We talked it over; my ability to move things around is very small scale, but I would try to corral the mass of cytokynes and direct them to the site where Steve's lungs were being aspirated. So we went to the end of the building, down a fairly long corridor, and to the BSL-4 lab, which had been converted to Steve's sick room. I went through the changing room, personal shower, second changing room, donned the space suit, and went through the chemical shower. The room was cool to help control Steve's temperature. I thought I was prepared, but I wasn't. He looked thin and wasted and was unconscious, surrounded by equipment I didn't want to look at. I sat in the chair that was waiting and took a look into his lungs. The congestion was terrible and I didn't feel like I'd done much although I had a bad headache at the end of it. The doctors were encouraging, saying every little bit helps, but this was really marginal. What was needed was to disrupt the signaling that the cytokines were doing, and I had no idea how that could be accomplished. After I went through the disinfectant/shower procedure, I trudged over to find Nick; Dr Rai had told me that there was no point to a quarantine.

"Two things," I said as I dropped into the chair across his desk. He looked at me attentively, his eye bright with interest. "First, that guy that Pete told us about. The magician. We need to try to get in touch with him." Nick pulled out his phone to text Peter, who called back immediately and promised to see if his friend/acquaintance/wizard would help us. "Second, you need to get Bucky out here." Nick gaped and I got up and left.

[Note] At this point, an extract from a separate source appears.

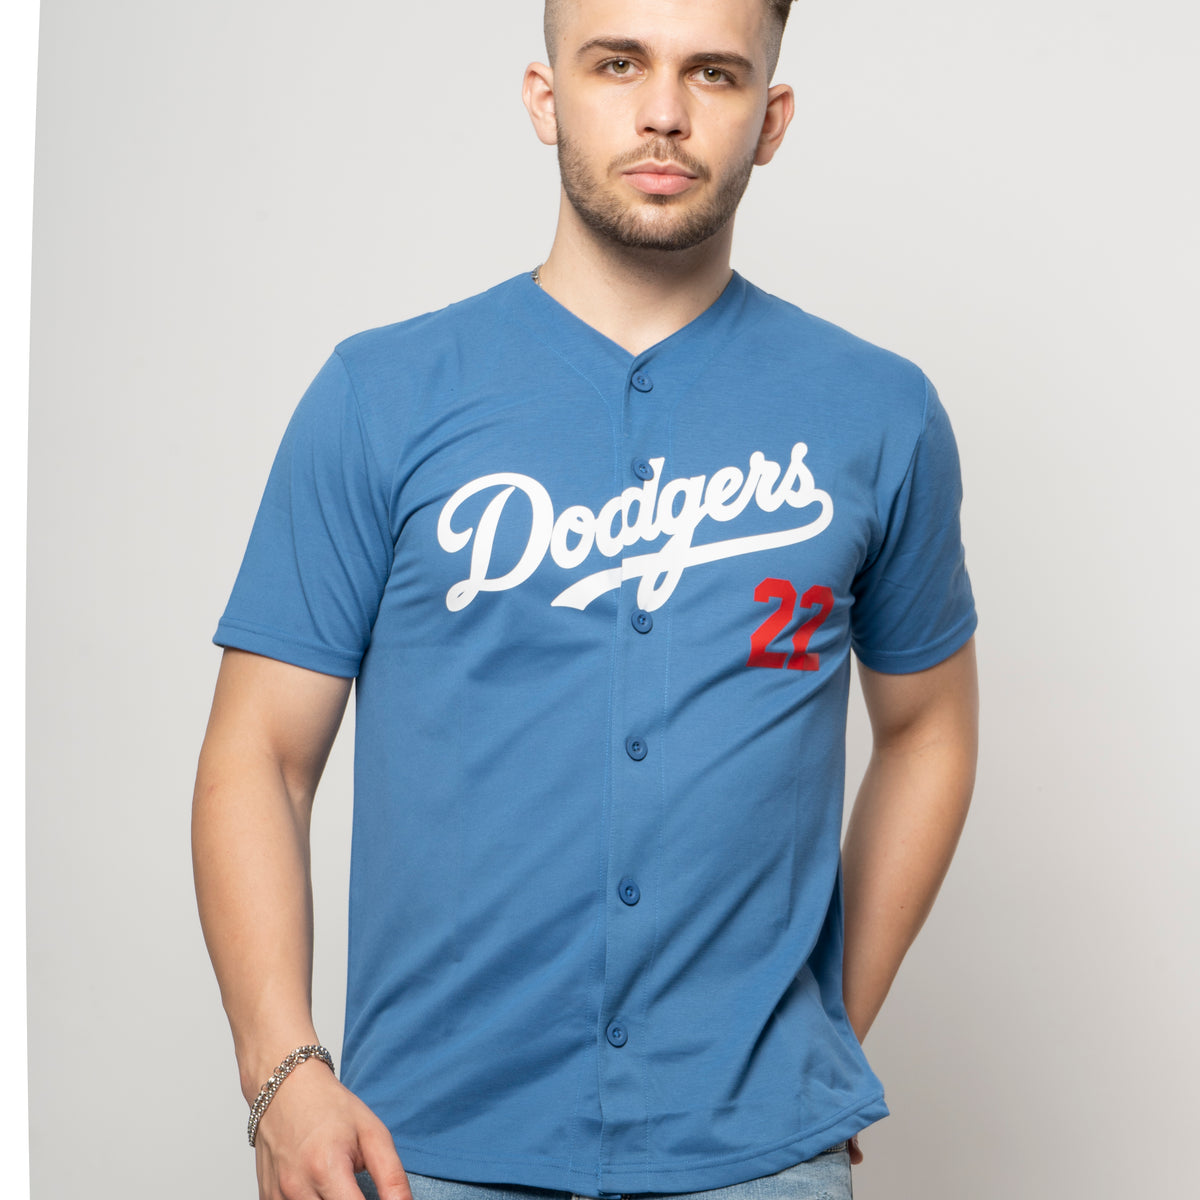 Blue Dodgers Button Down Baseball Jersey S

I didn't sleep well that night, but when I got up before dawn, I found that Nick and Peter had acted fast. I stood by Nick as the quinjet landed and three figures emerged. The first one out was Bucky, and he restrained himself only with titanic effort as Peter introduced us to Doctor Strange. He was tall and thin, with dark hair peppered with white and a supercilious look on his face. He was also in a thin black unitard and the most outlandish cape: a high pointed collar, black on the outside, red lining, and a wide gold-patterned band of decoration around the edges of it all. Bucky didn't wait for anything more than the bare introductions before he grabbed my hand and towed me in the direction of the clinic. I took the lead inside and Dr Harris, who was looking progressively more drawn, nodded when I introduced Bucky to her. Then she sighed and made him promise to follow instructions to the letter, taking us back down to the sealed room and sent us through. I hooked up Bucky's air hose first and let him have some time with Steve by himself, watching through the sealed window until Doctor Strange entered the room. It was a very appropriate name. He literally floated into the room from the shower. How ostentatious.

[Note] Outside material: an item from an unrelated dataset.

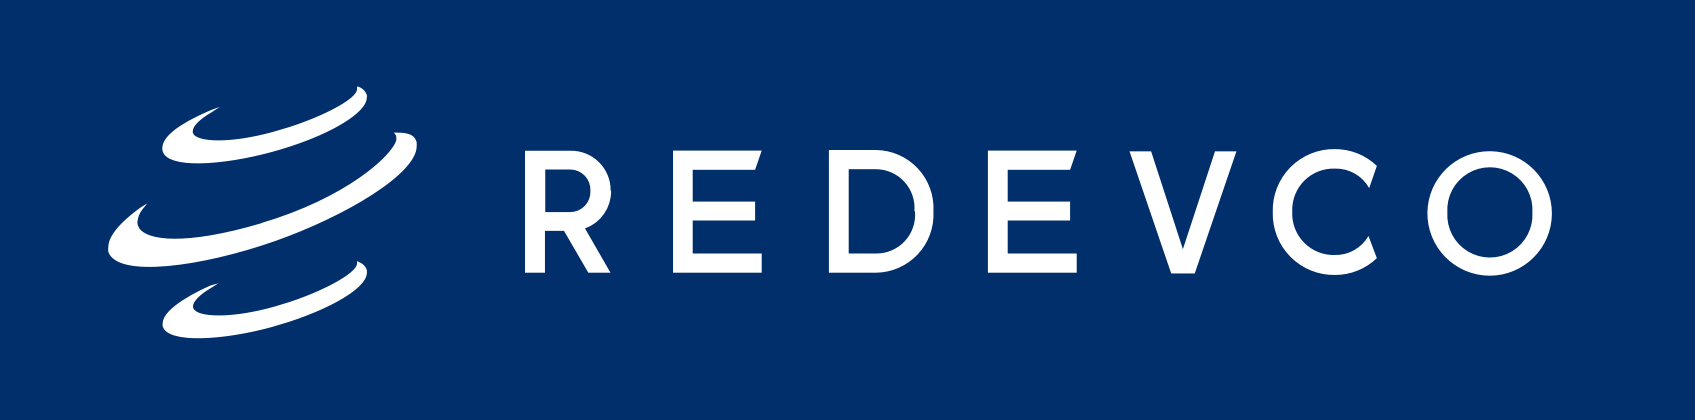 Redevco Services Deutschland GmbH

He efficiently put on the last space suit and hooked up to the air supply, gesturing to me curtly. "I want you to monitor the patients and tell me what you see," he said imperiously, and barely waited until I spun my sight down enough to see the cytokines...and the damage that the inflammation was doing. Then I felt a brusque presence in my mind, studying what I was seeing, then it lifted. I kept my temper; the doctor looked pensive, then his face cleared and he floated a little higher, flinging his arms wide and closing his eyes. It wasn't nearly as impressive in the space suit instead of his costume. Bucky gave him a 'you've got to be kidding me' look before returning his attention to his best friend. I concentrated again and saw what I perceived to be a green energy move through Steve's lungs. It wasn't hindering Steve's labored breathing any, so I kept my peace. I could sense that the energy was muffling the signals sent between the cells. I broke up a small clog in the drain in the right lung, and the fluid gently trickled out, taking the ineffective cytokines with it. "You may go for now," Doctor Strange said abruptly. "You may return later this afternoon to confirm the efficacy of the treatment for the other physicians." I turned for the door. "You too," he said to Bucky, whose face darkened. But he got up and came with me.

I stopped by Dr Rai's office to tell him what I'd seen, and he nodded. We made arrangements for me to come back at 5 in the afternoon, and we left the clinic. "Who did this to him?" Bucky said, his rage simmering like tar. So I told him the basics from our mission.

"The guy is here?" he asked harshly, pouncing on the detail.

"Yep," I said. I looked up at the cold blue sky, squinting a little in the sun. "He's in the guard house. Interrogation hasn't been very successful," I mentioned. Bucky smiled grimly. "The guards are actually really good at their jobs. I like them," I said casually. "If you wanted to go for a walk to work off some energy, you might see the guard house on the way, it's over there on the way to the track and the obstacle course," and I gestured to the right.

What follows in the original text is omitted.